School of Medicine

Alzheimer’s gene poses both risk — and benefits

Immune cells are more activated (red) in the brains of mice with the gene TREM2 (left) than in those without the gene (right). A new study shows that having a working copy of the gene TREM2 can reduce risk of Alzheimer’s disease under certain conditions but worsen disease in others. (image from David Holtzman Lab)

Study suggests role of inflammation in brain disease is complicated

From the WashU Newsroom

Scientists drilling down to the molecular roots of Alzheimer’s disease have encountered a good news/bad news scenario. A major player is a gene called TREM2, mutations of which can substantially raise a person’s risk of the disease. The bad news is that in the early stages of the disease, high-risk TREM2 variants can hobble the immune system’s ability to protect the brain from amyloid beta, a key protein associated with Alzheimer’s.

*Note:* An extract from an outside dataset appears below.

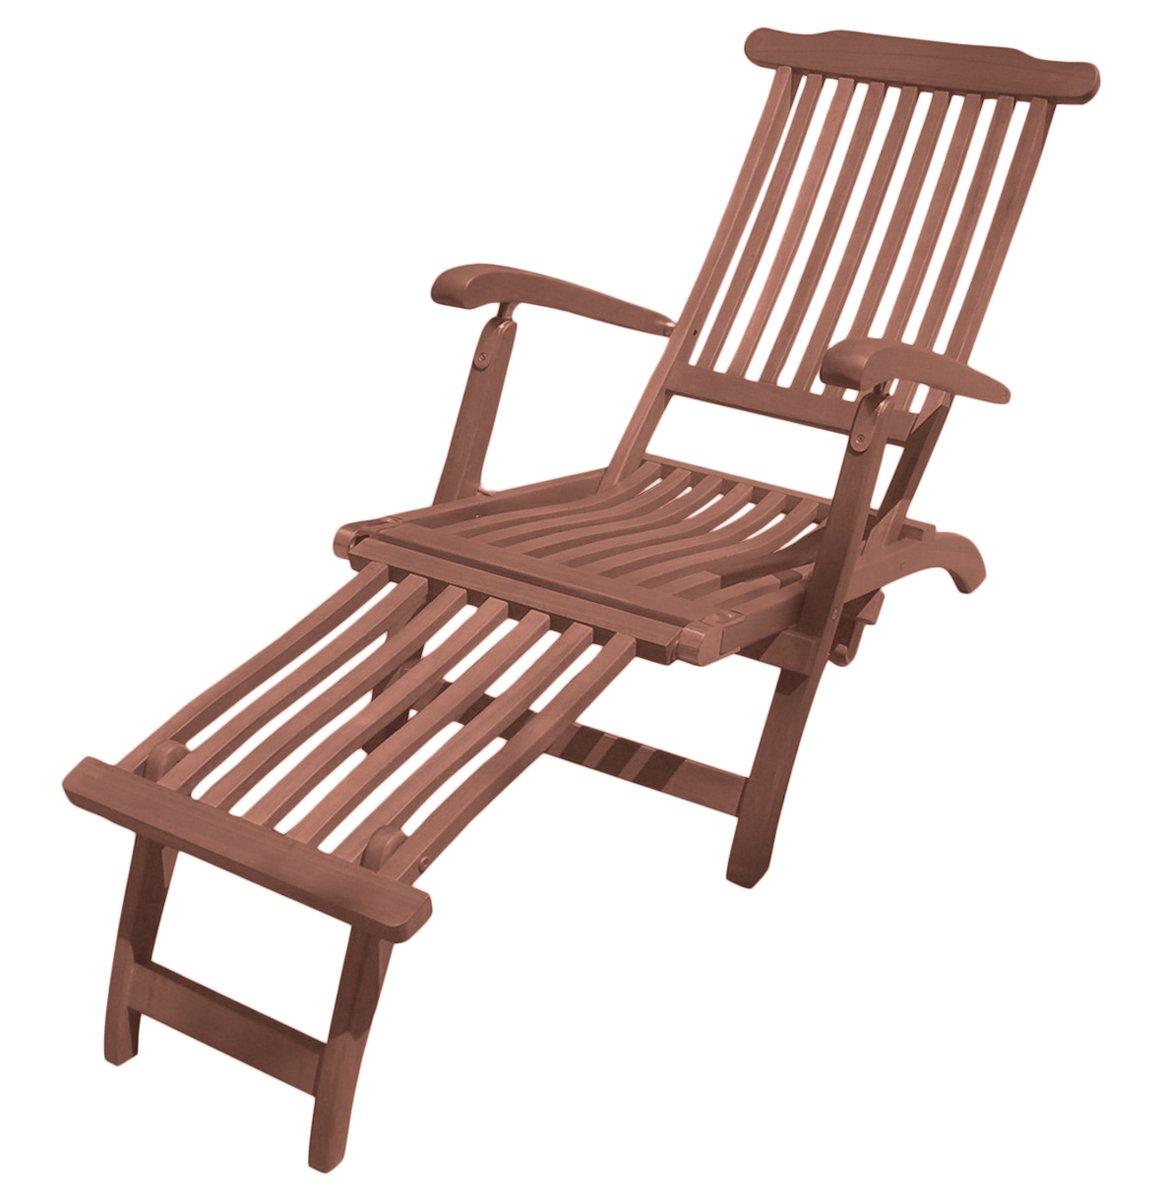 Deckchair Phoenix aus geöltem Eukalyptus Gartenliege Holzliege Sonnenliege Liege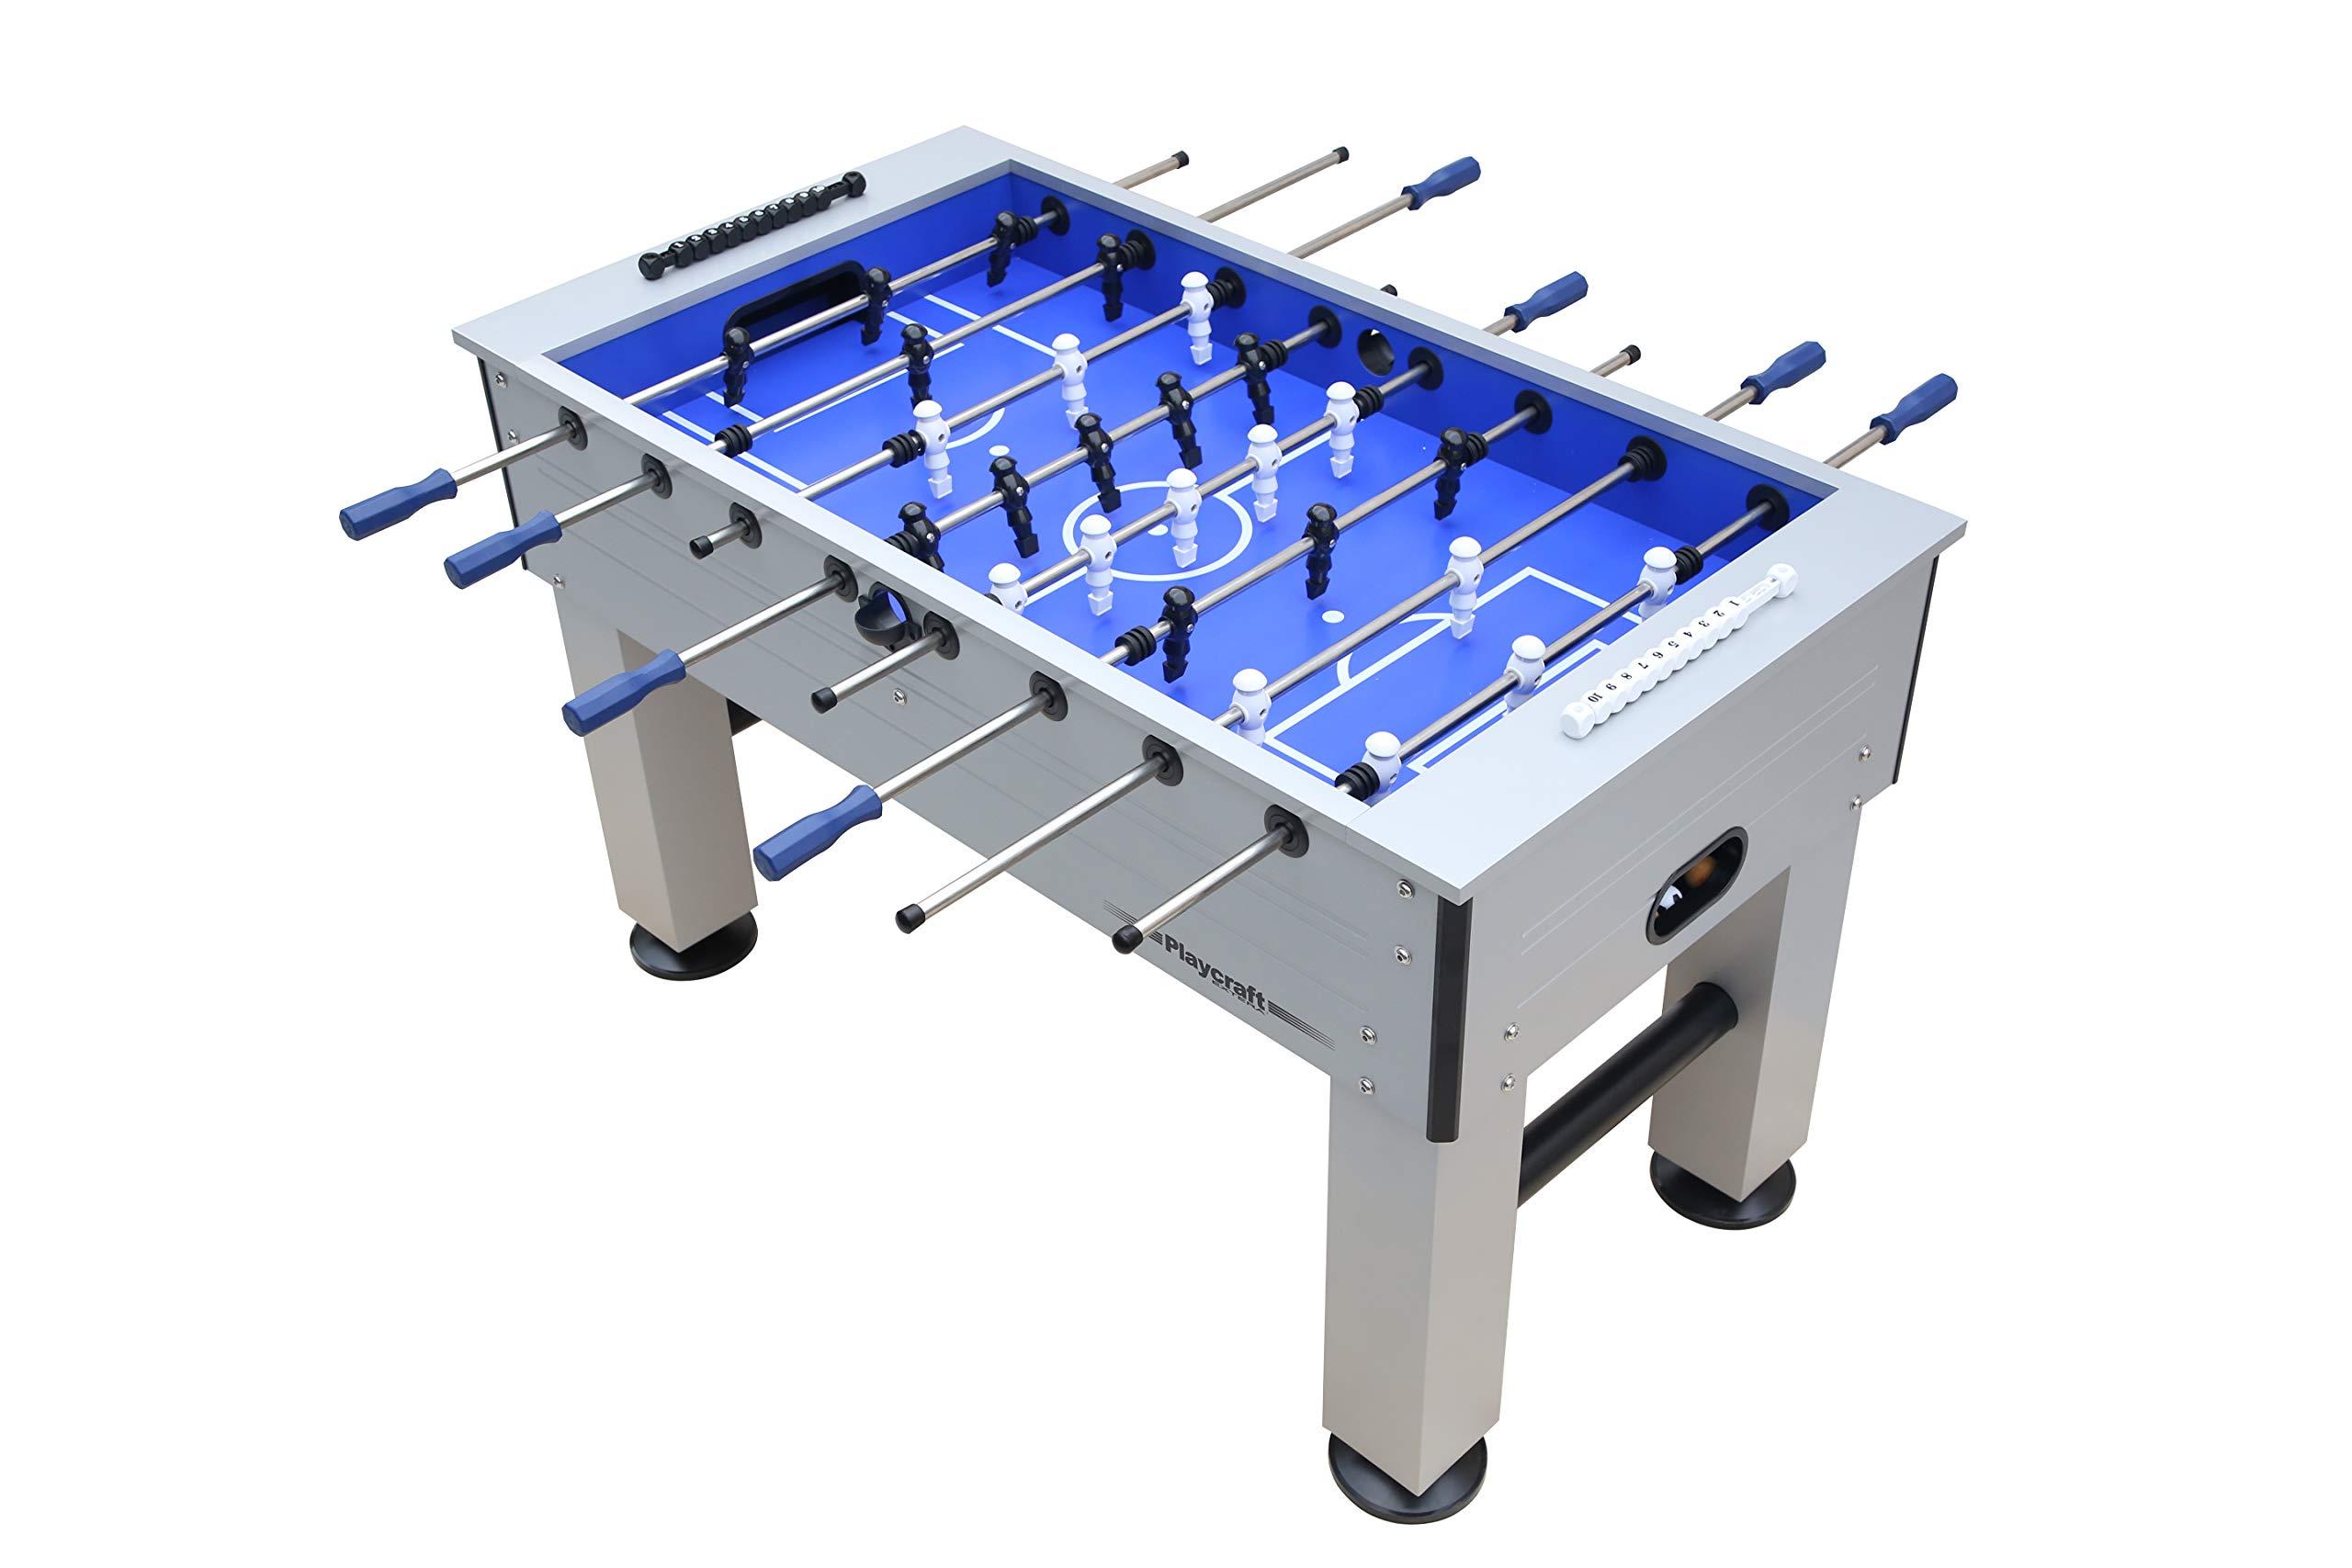 4. Playcraft Extera Outdoor Foosball Table

The good news, however, according to researchers at Washington University School of Medicine in St. Louis, is that later in the disease, when the brain is dotted with toxic tangles of another Alzheimer’s protein known as tau, the absence of TREM2 protein seems to protect the brain from damage. Mice without TREM2 suffer much less brain damage than those with it.

The findings potentially make targeting the TREM2 protein as a means of preventing or treating the devastating neurodegenerative disease a little more complicated, and suggest that doctors may want to activate TREM2 early in the disease and tamp it down later.

“People in the Alzheimer’s field have already been trying to develop ways to target TREM2,” said senior author David Holtzman, MD, the Andrew B. and Gretchen P. Jones Professor and head of the Department of Neurology. “Now that we have this data, the question is, ‘What does one really want to do?  Stimulate it or inhibit it?’”

The study is published online the week of Oct. 9 in Proceedings of the National Academy of Sciences.